Some research questions are not suitable to randomized control trials or survey research. For example, experimental or quasi-experimental approaches may provide robust estimates of whether people respond in a particular way to a specified program, intervention, or incentive, but they are limited in the ability to shed light on how or why people respond as they do. There are also important questions about the meaning people ascribe to their situations that are vital to understanding educational experiences. For these reasons and more, qualitative research methodologies remain critical to educational research. While qualitative research has been criticized for not providing “objective” answers, high-quality qualitative research also has standards for reliability, validity, and systematicity similar to quantitative research. The works in this section are intended to provide an overview of such standards. Erickson 1986 outlines several types of qualitative methodologies, and readers who want a basic description of the options when conducting fieldwork should consult this work.
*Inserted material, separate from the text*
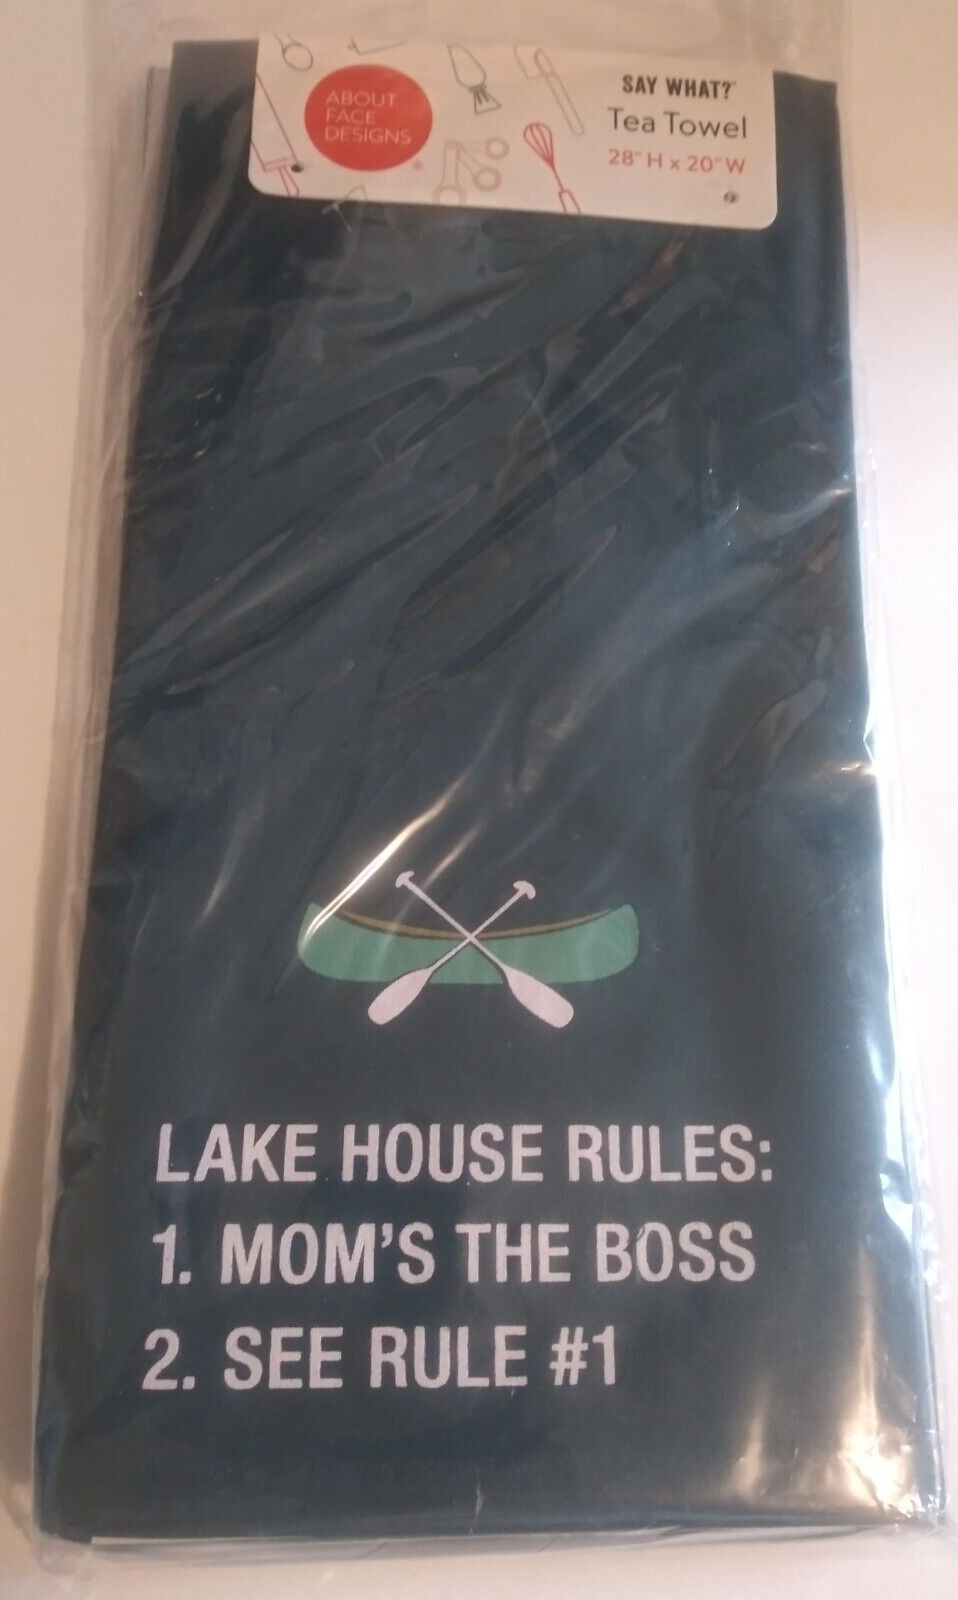 Lake House Rules:  Kitchen, Tea Towel by About Face Designs 28in x 20in.

Readers who are designing qualitative studies should also refer to guidance in Lincoln and Guba 1985 and Patton 2002, in which the authors discuss all aspects of qualitative research design. Rubin and Rubin 1995 and Krueger and Casey 2000 focus on specifics of conducting interviews and focus groups, respectively, in qualitative work. Readers who are implementing these components in their qualitative studies will find these readings particularly helpful. Glaser 1965 was instrumental in developing methods to systematically analyze qualitative data, and contemporary readers may still find it useful as it introduces the analytic method known as “grounded theory.” Readers who want more detailed information and examples on analyzing and reporting qualitative data should consult Miles and Huberman 1994. All research involves ethical concerns; however, these concerns are more prominent in qualitative methodologies in which researchers may (and indeed try to) develop relationships with the participants in the research. Fine and Weis 1996 will be useful to readers who are struggling with how to resolve ethical dilemmas as they are presented.

  • Erickson, F. 1986. Qualitative methods in research on teaching. In Handbook of research on teaching. Edited by M. C. Wittrock, 119–161. Washington, DC: American Educational Research Association.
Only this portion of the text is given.